A única defesa que as populações dos países têm contra a investida das minorias super ricas e organizadas é, justamente, organizar-se. Lembrando que essa é uma realidade na qual se ameaçam todas as classes abaixo do 1% avantajado.
As classes médias se corroem e as classes baixas, sob imposição, entram em conflito por qualquer fonte de renda, crescendo conforme as classes médias são destruídas (no caso brasileiro, de forma mais atenuada, onde contamos com treze milhões de desempregados, estressando o mercado de trabalho nacional). Portanto, com a “ressurgência” dos Estados-nação como mecanismo de defesa contra as mesmas elites que dos mesmos Estados se apossaram, os nacionalismos podem ser também uma reação que serve como resistência e não como elemento divisor dos povos: defender o bem público e nacional da investida corporativista e mesquinha dos detentores de parcelas humanamente impraticáveis de riqueza.
Mesmo porque as condições de empreender seguem absolutamente nacionais e, portanto, os problemas (também nacionais) que os Estados deixam de resolver em nome de interesses tidos como mais importantes que os de suas populações continuam existindo independente do sucesso das “bolsas de valores” ou qualquer nova medida que enriqueça os já enriquecidos.
Há aqueles que acreditam que o mundo esteja globalizado, mas mesmo esta afirmativa se apresenta insustentável ao compararmos as condições de empreender de um brasileiro às condições de um angolano ou às condições de um alemão.

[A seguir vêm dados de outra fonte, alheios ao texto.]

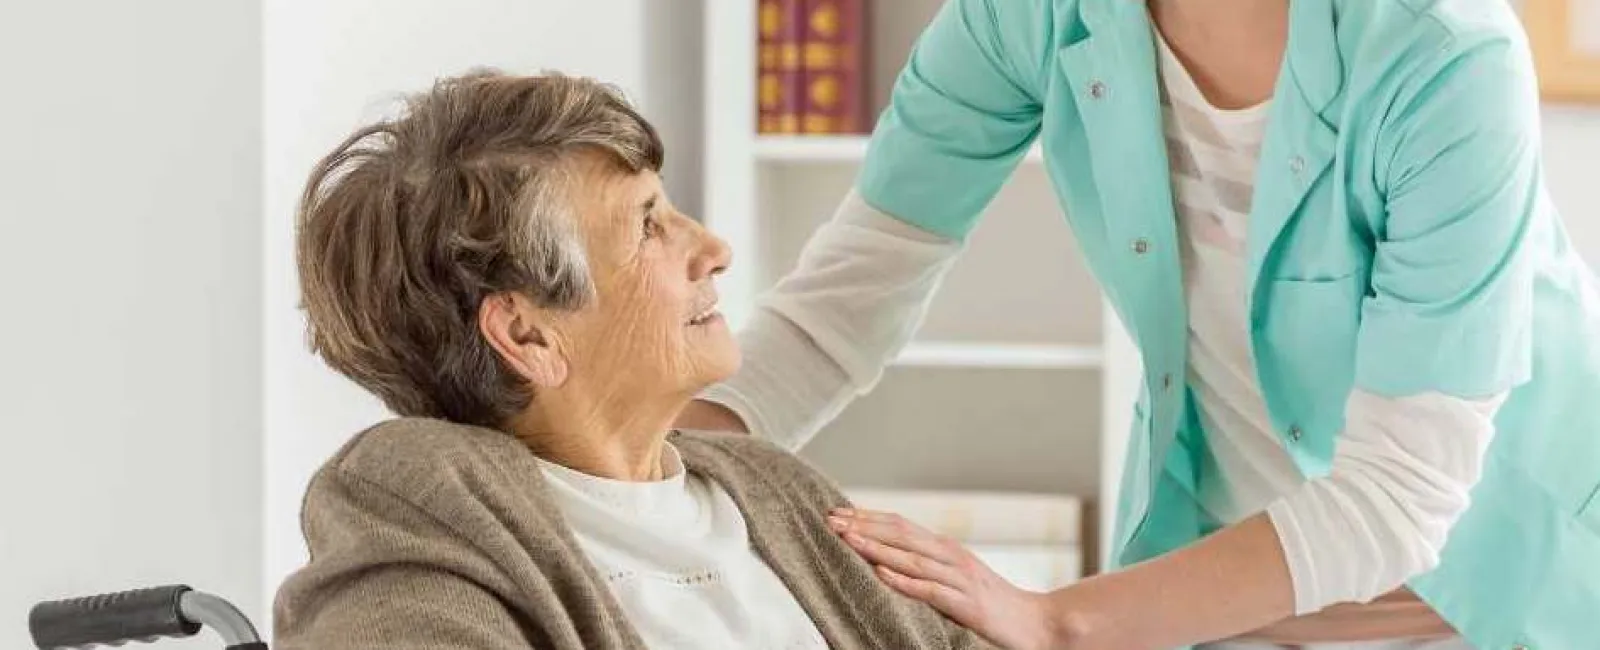 Is Senior Care Worth It? The Costs & Benefits To Consider

Portanto, quando uma minoria organizada toma mais de 50% da riqueza mundial e recebe em suas mãos a literal possibilidade de erradicar a miséria sete vezes só com lucros gerados em apenas um ano (ou seja, em 2017, a classe bilionária global, composta por 2.043 indivíduos, com 43 desses sendo brasileiros, viu sua riqueza aumentar em US$ 762.000.000.000,00; setecentos e sessenta e dois bilhões de dólares), temos muito a observar. O que não temos é evidência de um sistema econômico triunfante.
Trata-se, ao contrário, de um sistema econômico falido e que condiciona à estagnação social dos trabalhadores, isso quando não condiciona ao completo oposto da ascensão social. O caso brasileiro expõe bem os efeitos que um Estado comprometido com interesses plutocratas tem: o filho do topo da pirâmide social tem 14 vezes mais chances de se manter onde está que o filho da base tem de ascender. É hora de reimaginar pelo menos o papel do Brasil nisso tudo e decidir se a mão de obra de nossa gente não passa de uma mercadoria sem relação com seu bem estar ou se seu trabalho merece a dignidade apropriada.